Biasing the GUARDYAN GPU-based Monte Carlo code using space-, energy- and angle-dependent adjoint function
Gábor Tolnai, Dávid Légrády (2022.08.01 - 2022.12.31)
Budapest University of Technology and Economics
Publication: Adjoint-based Path Length Stretching in a Woodcock Framework with SIR Angular Biasing
Grant: NKFIH 2020-2.1.1-ED-2021-00179
Kivonat: The GUARDYAN (GPU Assisted Reactor Dynamic Analysis) code developed at the Budapest University of Technology and Economics Institute of Nuclear Techniques directly models the time-dependent phenomena occurring in nuclear reactors.
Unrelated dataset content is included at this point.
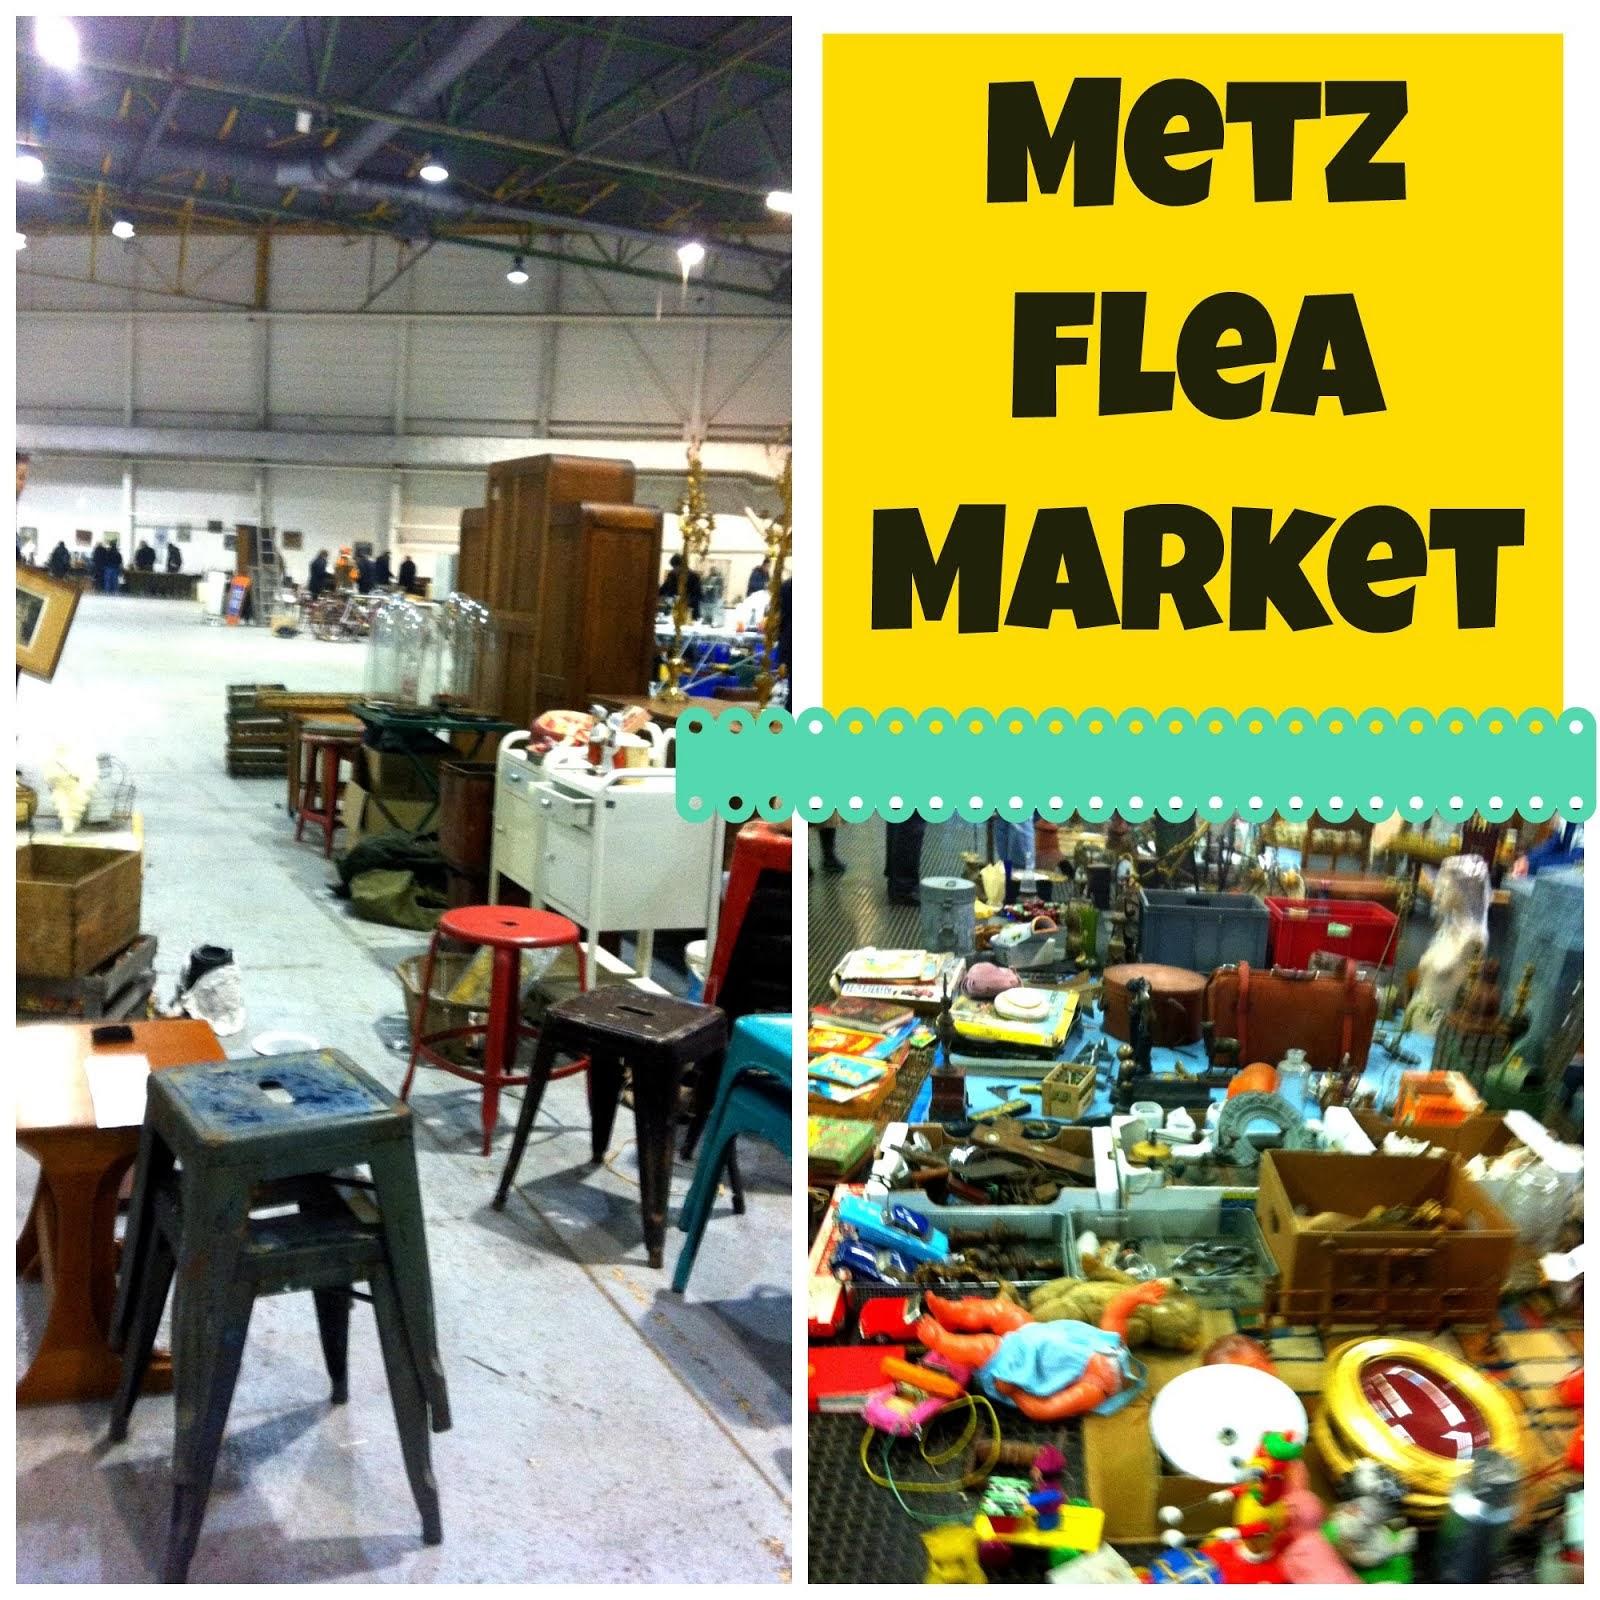 Metz Flea Market 1.5 hours drive

In contrast to conventional reactor dynamics modelling methods, GUARDYAN applies little to no approximations at simulating the physical processes. Price to pay for ultimate accuracy is running time, a real second translates to 6-24h calculation time depending on the complexity of the reactor geometry.
This project aims at increasing the computation efficiency by applying variance reduction techniques. This is done by the importance (a.k.a. the adjoint) function used for biasing the interaction laws, for which calculation schemes are being developed in the form of nonanalog Woodcock tracking for free path sampling and scouting samples (sampling importance resampling - SIRS ) for the angular bias.
An accurately pre-calculated adjoint function is needed for the proper biasing, this is computed by GUARDYAN specifically for the problem at hand. Large computation effort is needed for producing the sufficiently detailed adjoint for a certain problem, but it can be used for the whole transient scenario. For demonstrating the usefulness of the new variance reduction scheme under development, several test cases of varying complexity should be analysed and the corresponding adjoint function generated demanding large GPU capacity.